The high level, the protocol will look: 1. client opens a new websocket connection to a bulk watch endpoint to the server via ghttp GET 1. this results in creating a single channel that is used only to handle communication for subscribing/unsubscribing for watches; no watch events are delivered via this particular channel. TODO: Consider switching to two channels, one for incoming and one for outgoing communication 1. to subscribe for a watch of a given (set of) objects, user sends Watch object over the channel; in response a new channel is created and the message with the channel identifier is send back to the user (we will be using integers as channel identifiers). TODO: Check if integers are mandatory or if we can switch to something like ch1, ch2 … . 1. once subscribed, all objects matching a given selector will be send over the newly created channel 1. to stop watching for a given (set of) objects, user sends CloseWatch object over the channel; in response the corresponding watch is broken and corresponding channel within websocket is closed 1. once done, user should close the whole websocket connection (this results in breaking all still opened channels and corresponding watches).

With that high level protocol, there are still multiple details that needs to be figured out. First, we need to define Watch and CloseWatch message. We will solve it with the single Request object:

type Request struct {
	// Only one of those is set.
	Watch      *Watch
	CloseWatch *CloseWatch
}

type Identifier int64

// Watch request for objects matching a given selector.
type Watch struct {
	Selector GetOperation
}

// Request to stop watching objects from a watch identified by the channel.
type CloseWatch struct {
	Channel Identifier
}

// Depending on the request, channel that was created or deleted.
type Response struct {
	Channel Identifier
}

With the above structure we can guarantee that we only send and receive objects of a single type over the channel.

We should also introduce some way of correlating responses with requests when a client is sending multiple of them at the same time. To achieve this we will add a request identified field to the Request that user can set and that will then be returned as part of Response. With this mechanism user can set the identifier to increasing integers and then will be able to correlate responses with requests he sent before. So the final structure will be as following:

type Request struct {
	ID Identifier
	// Only one of those is set.
	Watch      *Watch
	CloseWatch *CloseWatch
}

// Depending on the request, channel that was created or deleted.
type Response struct {
	// Propagated from the Request.
	RequestID Identifier
	Channel   Identifier
}

Another detail we need to point at is about semantic. If there are multiple selectors selecting exactly the same object, the object will be send multiple times (once for every channel interested in that object). If we decide to also have http-POST-based watch, since there will be basically a single channel there (as it is in watch in regular API), such an object will be send once. This semantic difference needs to be explicitly described.

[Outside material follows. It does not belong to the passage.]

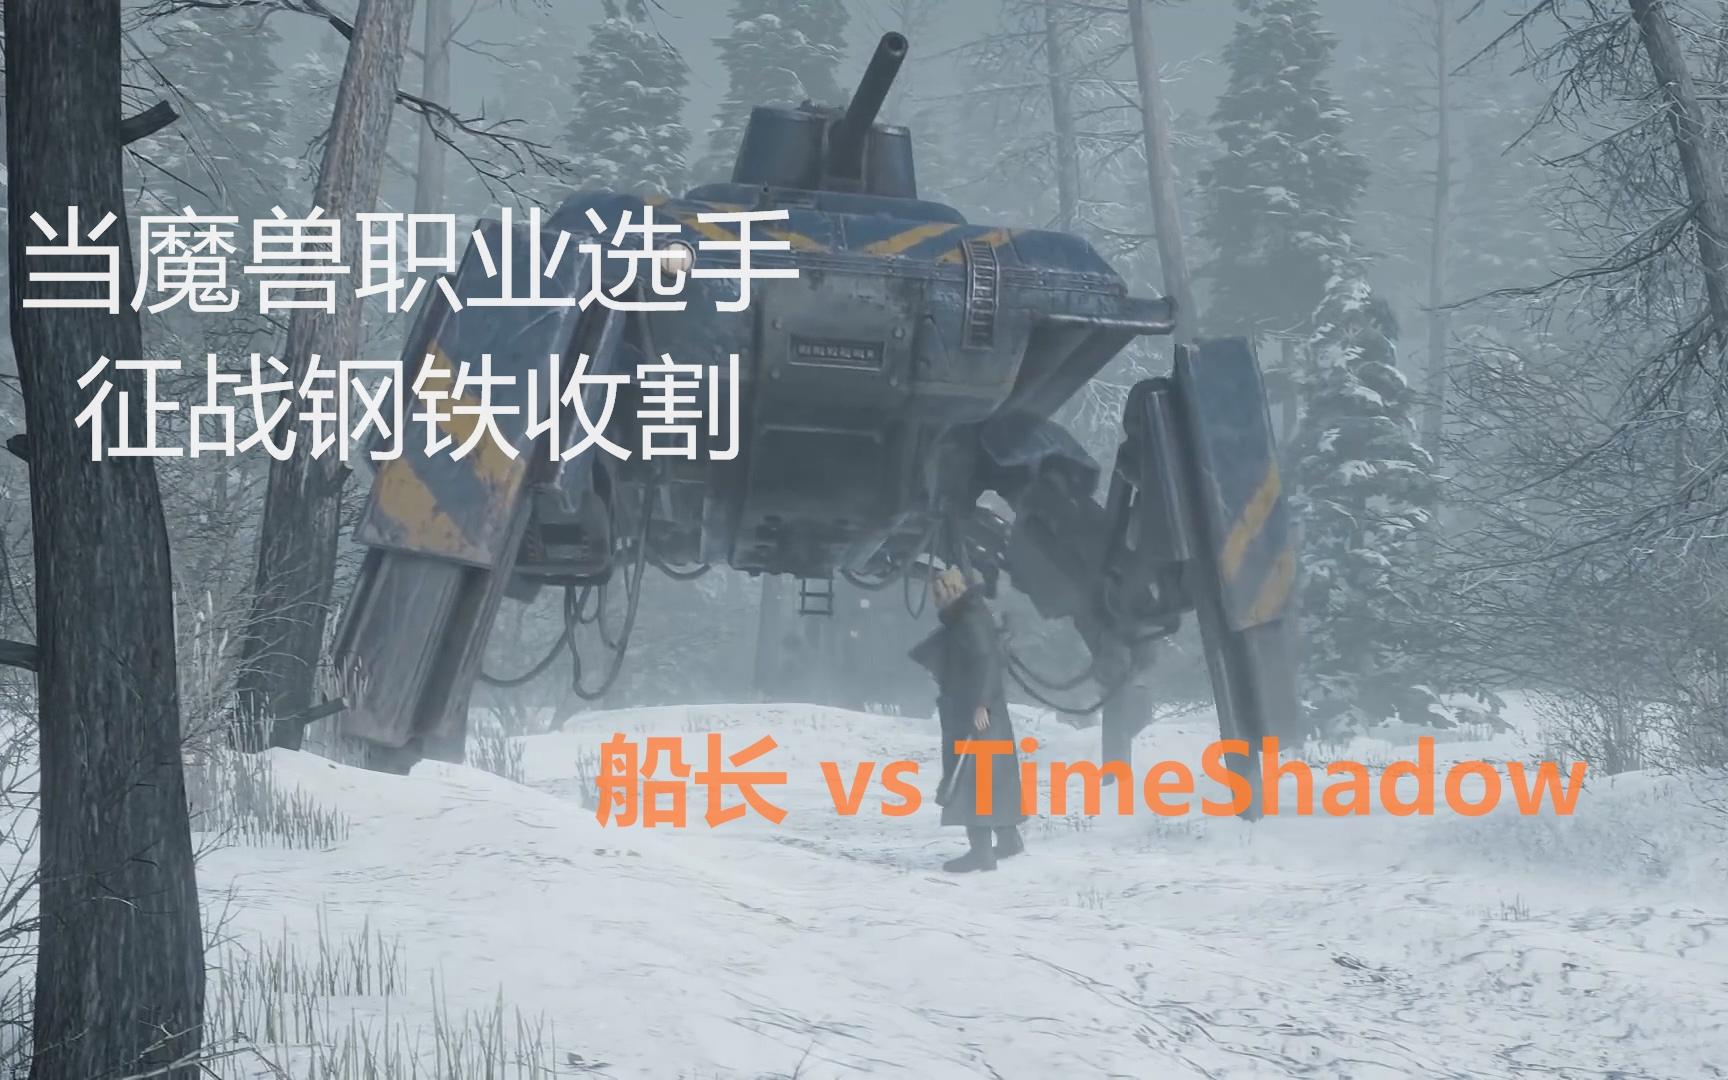 【钢铁收割】苏俄大战萨克斯排位高端局

TODO: Since those channels for individual watches are kind of independent, we need to decide whether they are supposed to be synchronized with each other. In particular, if we have two channels watching for objects of the same type are events guaranteed to be send in the increasing order of resource versions. I think this isn’t necessary, but it needs to be explicit.

Yet another thing to consider is what if the server wants to close the watch even though user didn’t request it (some potential reasons of it may be failed periodic ACL check or some kind of timeout). We will solve it by saying that in such situation we will send an error via the corresponding channel and every error automatically closes the channel. It is responsibility of a user to re-subscribe if that’s possible.

We will also reuse this mechanism for partial rejections. We will be able to reject (or close failed periodic ACL check) any given channel separately from all other existing channels.

Watch semantics

There are a lot of places in the code (including all our list/watch-related frameworks like reflector) that rely on two crucial watch invariants: 1. watch events are delivered in increasing order of resource version 1. there is at most one watch event delivered for any resource version

However, we have no guarantee that resource version series is shared between different resource types (in fact in default GCE setup events are not sharing the same series as they are stored in a separate etcd instance). That said, to avoid introducing too many assumptions (that already aren’t really met) we can’t guarantee exactly the same.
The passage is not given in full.